THE NARUSE SEISHI BARGAIN.

Satsuma with a story: special pieces from private collectors.

THE NARUSE SEISHI BARGAIN.

A British collector sent us these pictures of a pair of beautiful vases that he managed to get hold of at a local auction a few years ago. Each of the vases have two large panels with intriguing depictions. The paintwork is of an unprecedented high level, which is especially noticeable when you look closely at the details. Each panel is a work of art of its own, as can be seen here on the depiction of fishermen showing their catch to a nobel family sitting under a canopy along the riverside. 

Not only the paintings on the panels, but also the spaces between the panels stand out because of the grace and balance with which smaller and larger dots have been thickened in a single shade of white.  Applying equal dots to a balanced whole is very difficult in itself. Here, however, the dots vary in size, but in such a refined way that it forms a lively yet balanced whole.
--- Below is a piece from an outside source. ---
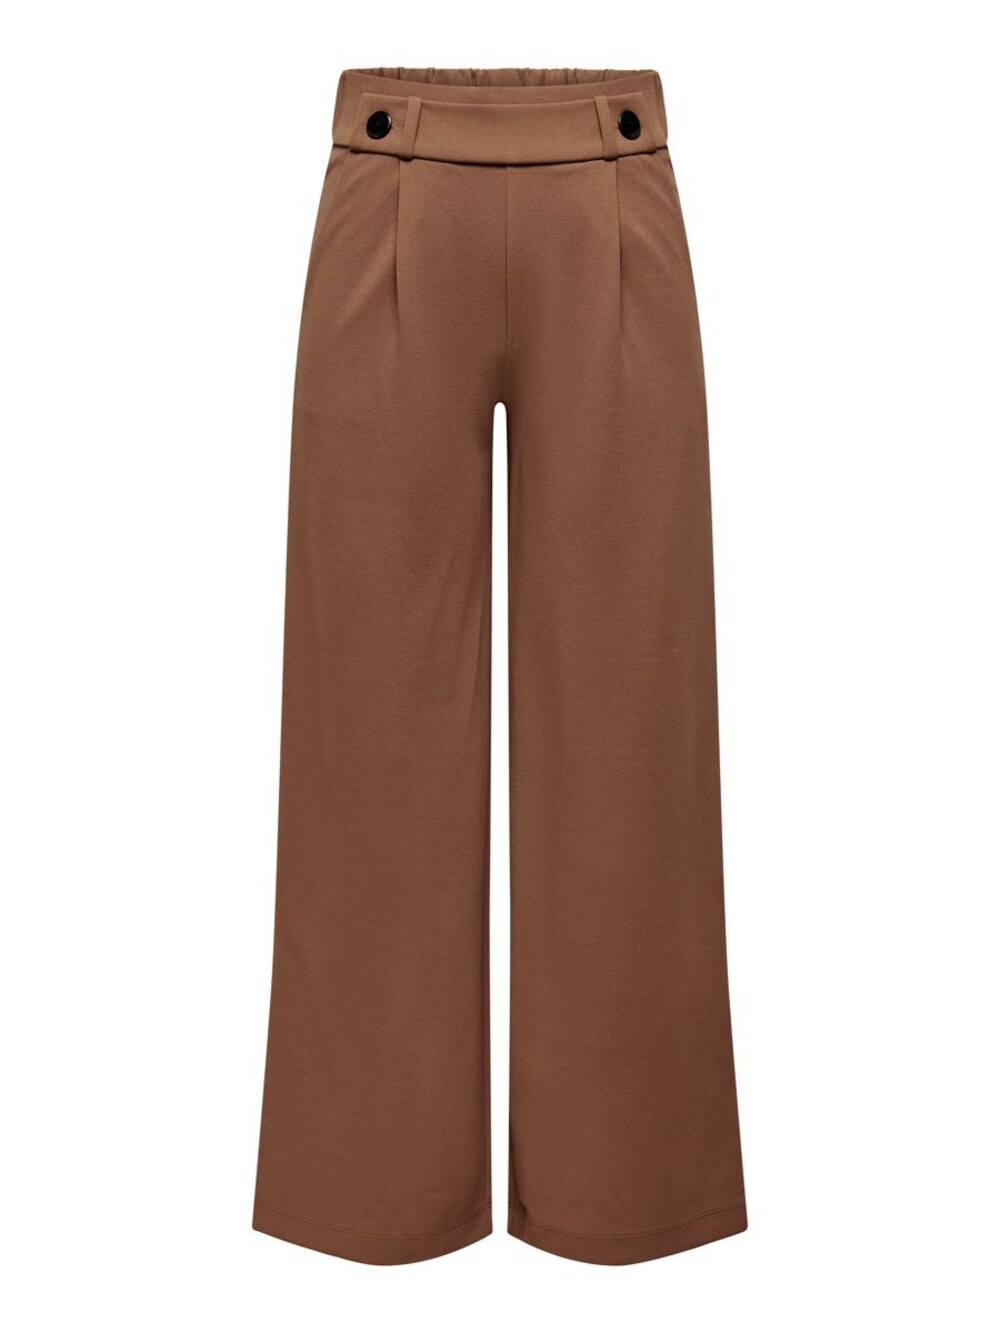 Широкие брюки со складками спереди JDY Geggo, коричневый
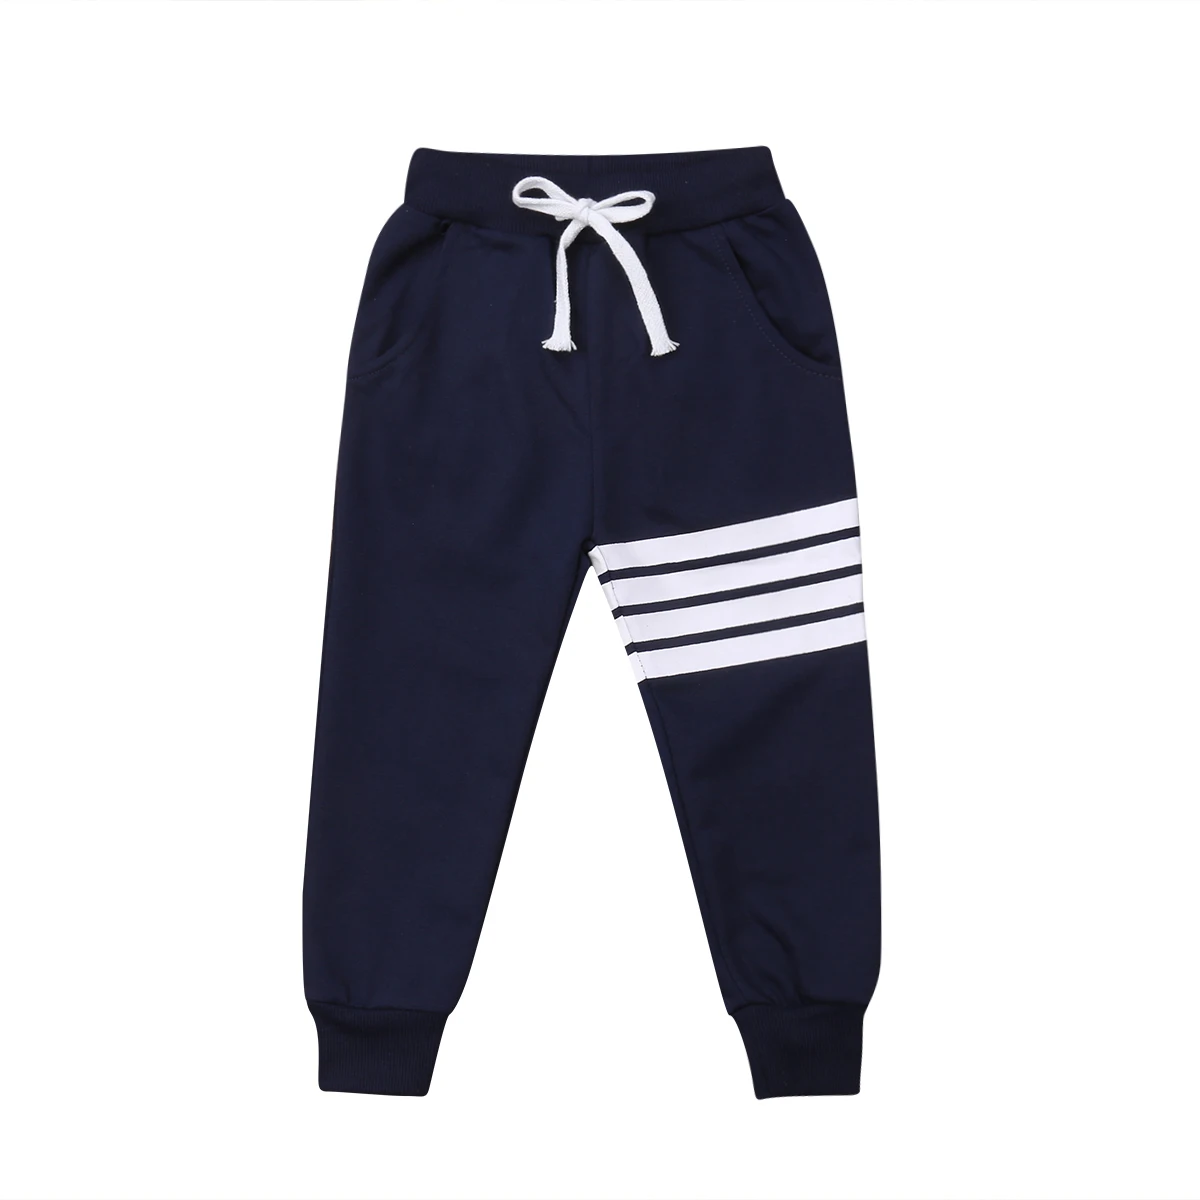 Canis/длинные штаны-шаровары в полоску для мальчиков и девочек штаны для малышей спортивные штаны - Цвет: Синий

You cannot design such a pattern in advance, it has to be done with great craftsmanship, dot by dot, always keeping an eye on the whole.  The fact that a great craftsman has been at work here can of course also be seen in the brushwork on the panels. The faces are full of expression, the performance is lifelike but retains the individual touch of the artist. The gold that has been applied thickly all over the painting has a function, in a richly beautiful interplay with the drawing and the other colours. 

One of the panels contains a text that is somewhat cryptic for a Westerner. The text 葷酒禁九山門, can literally be translated as "garlic sake forbidden nine mountains gate". It refers to Zen Budhism, where the "nine mountains gate" is a way of meditation to achieve enlightenment.The combination Garlic-Sake-Prohibition is even more enigmatic, but, as can be read in Tantra in Pacticec by David White (Princeton Universitypress, 2000) : "In Japanese history, kekkai has generally denoted the divisions between monastic and lay territory. There are signposts known as kekkai stones that stand at the entrance to some temple buildings (especially ones set aside for assiduous contemplative practice), which frequently contain the engraved admonition that women, alcohol, and garlic are not permitted beyond the sign". 

After reading this quote, it becomes immediately clear what is depicted on the panel: a kekkai stone near a temple complex, where one of the monks seems to point out to a number of others the warning written on it. Understanding what you see makes it possible to enjoy the beauty even more.

It is always a surprise to face such a highly qualified work. Even more surprising was it to see the signature under the vases. It has faded a bit, but it says clearly 陶博 園, what is Tohaku-En, the workshop of Naruse Seishi, who is considered one of the greatest Satsuma artists (see also "Prominent makers 3").   His work or that from his workshop is rare and difficult to find outside the museums.  It is difficult to say whether it was painted by Naruse Seishi himself, or by one of the highly qualified artists who worked for him, he did not always sign with his name.  But the quality of these vases is sublime,so it is very likely. And maybe the biggest surpise was it to hear that the current owner only had to pay £ 28 for this beautiful pair of vases, 50 cm high and made by one of the best Satsuma artists from the Meiji period.  It’s  good news for all collectors: apparently it is still possible to get the very best Satsuma for very little money.